Wandern in der Türkei

Sufi Trail

Es war ein eher unscheinbares Geschenk, das ich vergangenes Jahr unter dem Christbaum fand. Nach Buch sah es nicht unbedingt aus. Als ich es öffnete, fiel eine Kappe heraus, ein paar Sticker, ein Stempelpass und zwei Wanderführer: der Sufi Trail von Iris Bezuijen und Sedat Cakir. Ja, warum eigentlich nicht? Die Türkei ist ein Land, von dem wir wenig wissen. Viele Menschen, die bei uns leben, kommen von dort, und viele von uns waren schon einmal dort. In der Regel in Antalya.
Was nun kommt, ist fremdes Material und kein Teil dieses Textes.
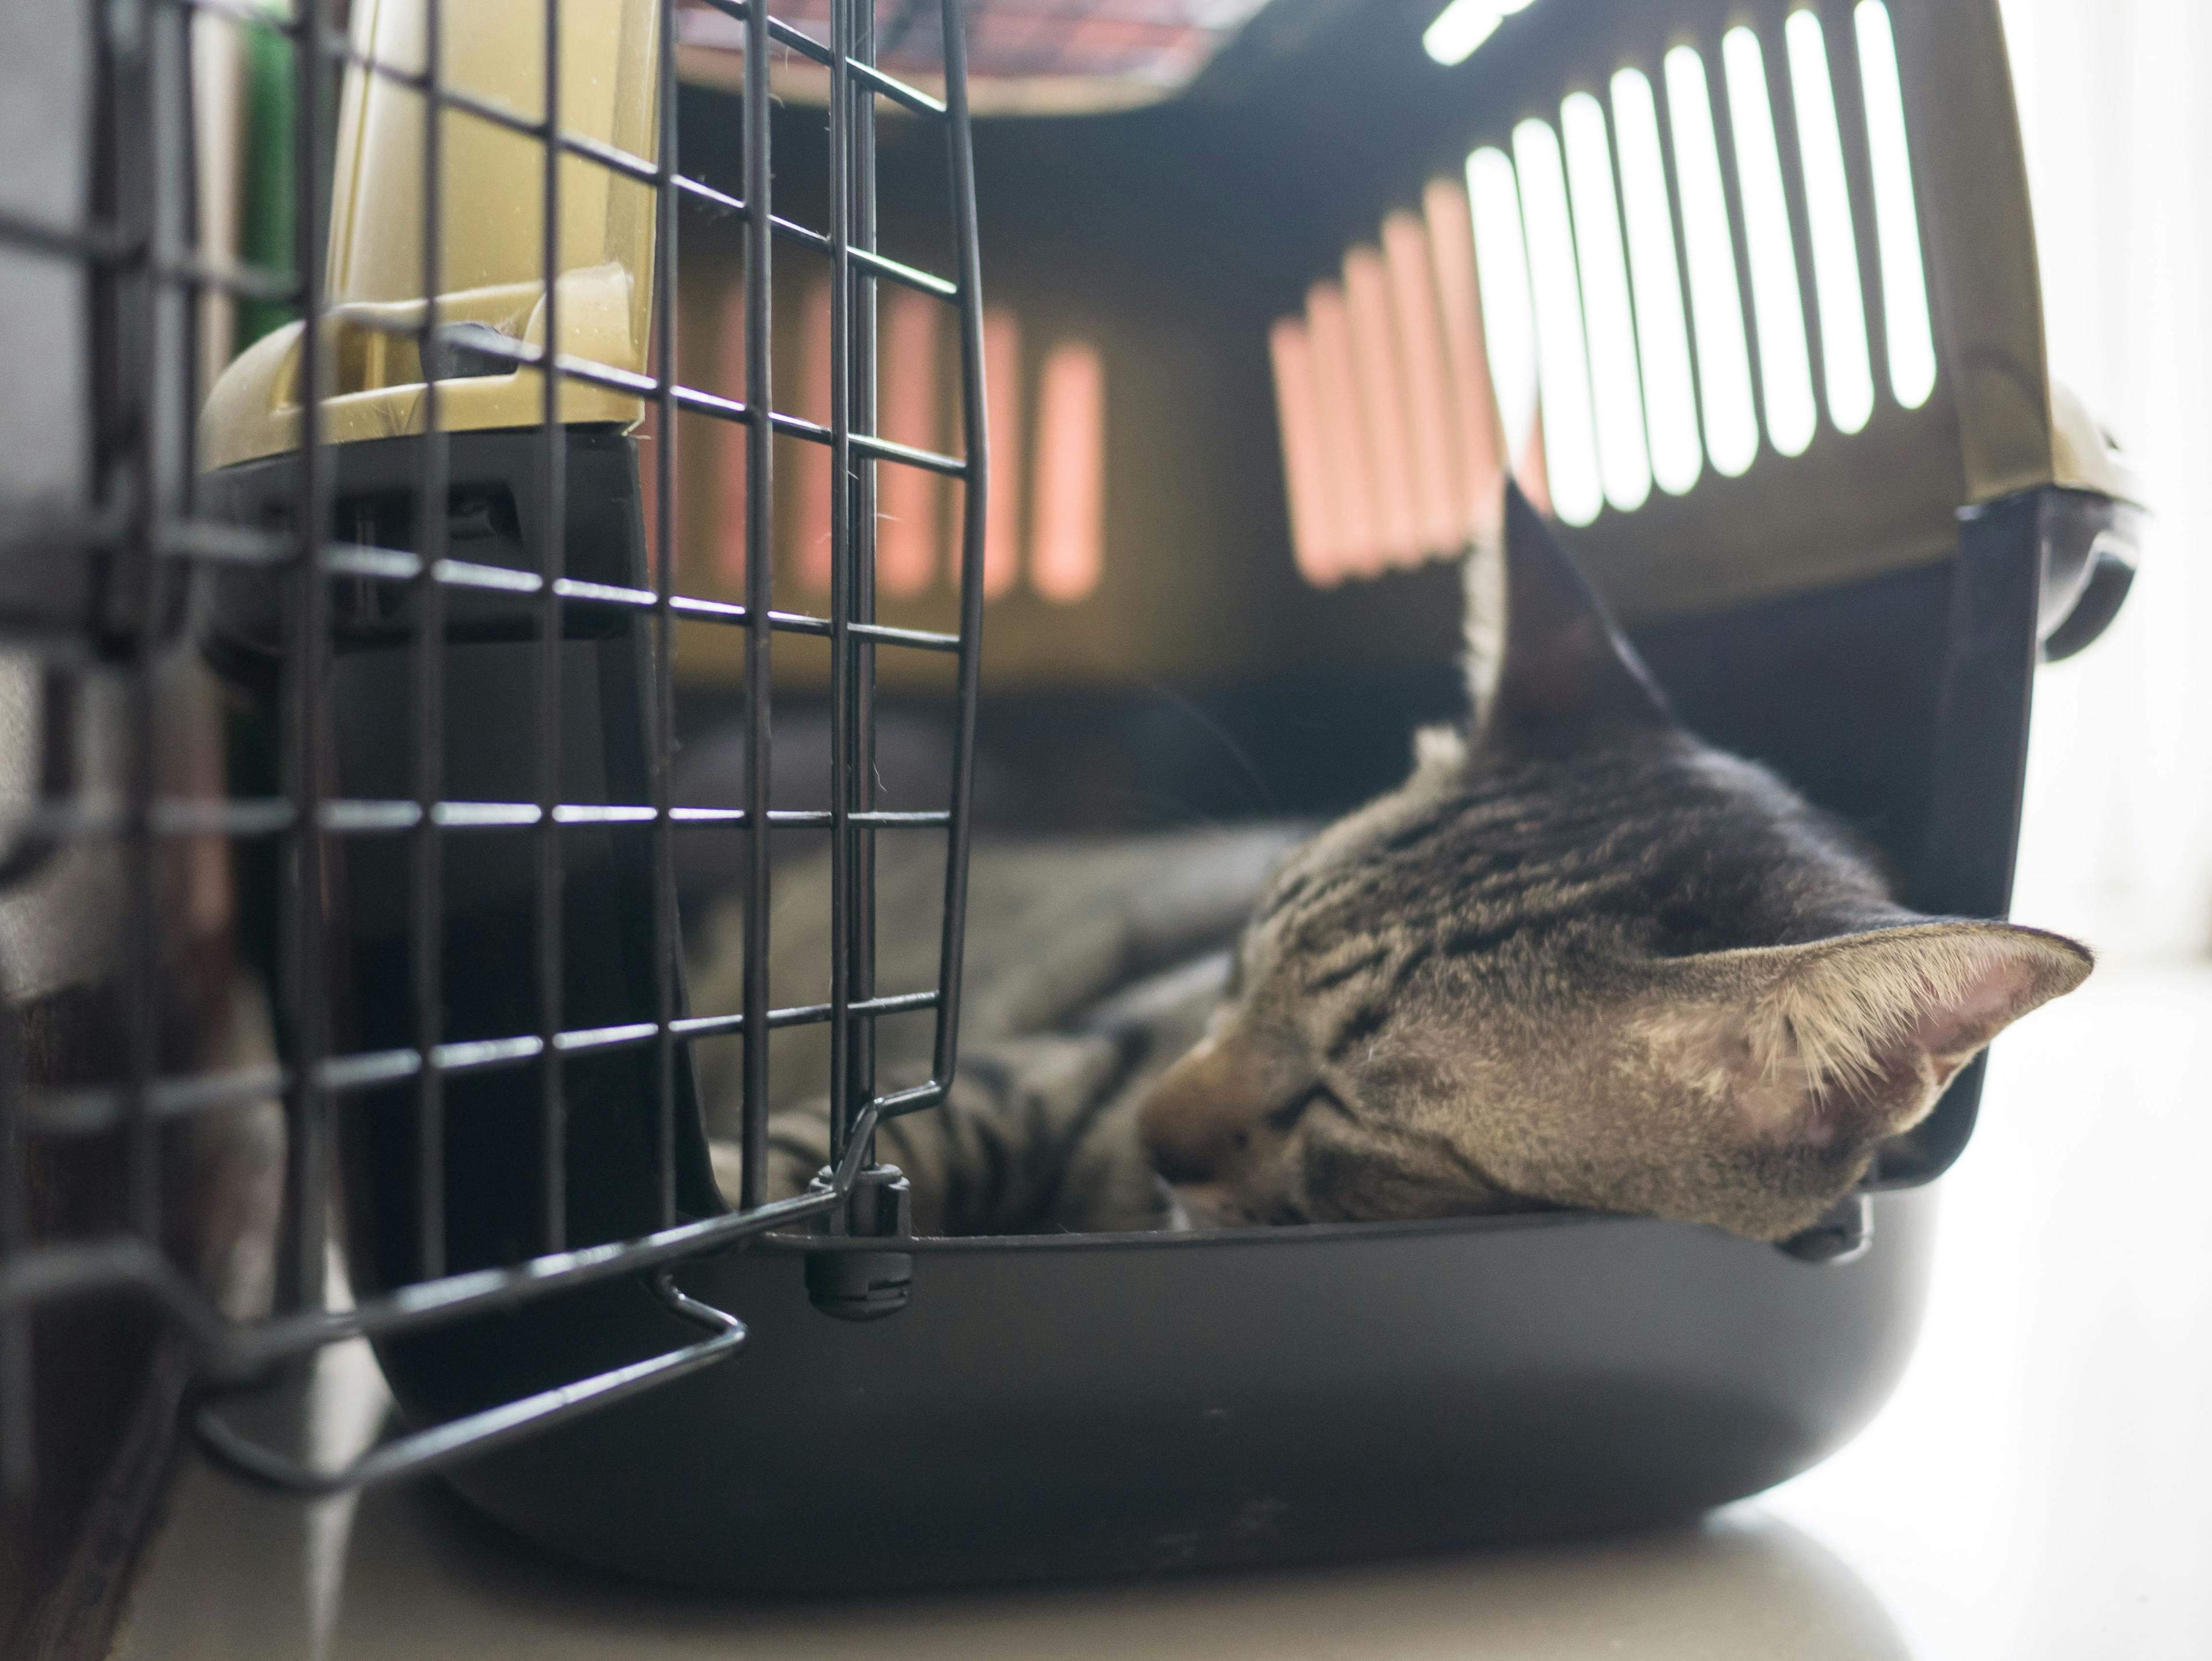 Considerations for the use of sedation for feline veterinary visits

Aber dorthin führt der Weg nicht, im Gegenteil, er beginnt zwar am Meer, in Istanbul, führt dann aber durch das Landesinnere nach Konya. Der Führer fokussiert sehr stark auf türkische Mystik, und dafür interessieren wir uns nur am Rande, aber er zeichnet einen Weg durch eine Gegend, auf die wir neugierig waren. Der Weg schien uns zwar recht neu angelegt zu sein, aber die Wegführung durchdacht. Leider kamen wir

mit der Planung nicht weiter, es gab kaum weiterführende Informationen im Netz. Auf der letzten Seite des Führers stand eine EMail-Adresse, unter der man die Autoren kontaktieren konnte. Und das taten wir dann, wenn auch etwas schüchtern. Doch wir fühlten uns mehr als nur willkommen. Wir schrieben einige Mails hin und her, wir telefonierten auch mit den beiden. Sie schienen uns sehr nett zu sein. Am Ende hielten wir uns an ihren Rat, kein Zelt mitzunehmen. Am 6. April flogen wir nach Istanbul, am nächsten Tag fuhren wir mit dem Boot nach Yalova und starteten in ein Abenteuer, das wir so schnell nicht vergessen würden. Iris und Sedat waren ungefähr zur selben Zeit dort. Wir hofften sie zu treffen, leider gelang das nicht. Dafür hatten die beiden uns eine spezielle Wegmarkierung hinterlassen: Ein Herz mit unserem Namen drauf. Ein Quartier für die erste Nacht zu finden war einfach. Wir schliefen bei einem englischen Ehepaar, das direkt am Weg lebt und Gäste bewirtet, auch für die Nacht darauf fanden wir ein Quartier. Aber schon die dritte Nacht stellte uns vor große Schwierigkeiten: Es gab keine Herberge, auch

der Muhtar, also der Bürgermeister, konnte oder wollte uns nicht helfen. Wir sprechen kein Türkisch, und selbst mit Händen und Füßen kamen wir nicht weiter. Knapp, bevor wir aufgegeben hätten, riefen wir Sedat an und baten um Hilfe. Kurz danach wurde uns ein Platz im Vorraum der Moschee angeboten. Trotz aller Schwierigkeiten waren wir überwältigt von der Gastfreundschaft, und das nicht nur an diesem Tag. Ein Quartier zu finden war oft schwierig, aber, weil die Leute so unglaublich hilfsbereit waren, doch überall möglich. Trotzdem würden wir beim nächsten Mal ein Zelt mitnehmen oder vorher türkisch lernen! Der Weg führt fast immer abseits der großen Straßen und auf unasphaltierten Wegen von Yalova über Iznik (das byzantinische Nizäa), Eskişehir und Akşehir nach Konya. Die Gastfreundschaft am Weg war so unaufdringlich wie herzlich. Beim Komfort mussten wir zwar Abstriche machen, aber wir fanden immer ein Dach über dem Kopf. Von einem einzigen Mal abgesehen war es immer sauber, frei von Ungeziefer war es überall. Die Türkei, die wir kennenlernen durften, hatte so überhaupt nichts mit dem modernen Staat zu tun, den wir aus dem Fernsehen kennen. Altertümliche Landwirtschaft und einfaches Handwerk dominierten, auf Industrie stießen wir nur selten. Landschaftlich war es schön, die Wegführung folgt, anders als bei vielen anderen Weitwanderwegen, primär den geographischen Gegebenheiten: Es gab kaum Pässe zu überwinden, und die Zahl der Höhenmeter hielt sich in Grenzen. Wäre das Land vollkommen leer und ich müsste schnell von Istanbul nach Konya, ich würde beinahe auf die gleiche Wegführung kommen. Es soll, so unser Führer, ein alter Pilgerweg nach Mekka sein. Das glaube ich gerne.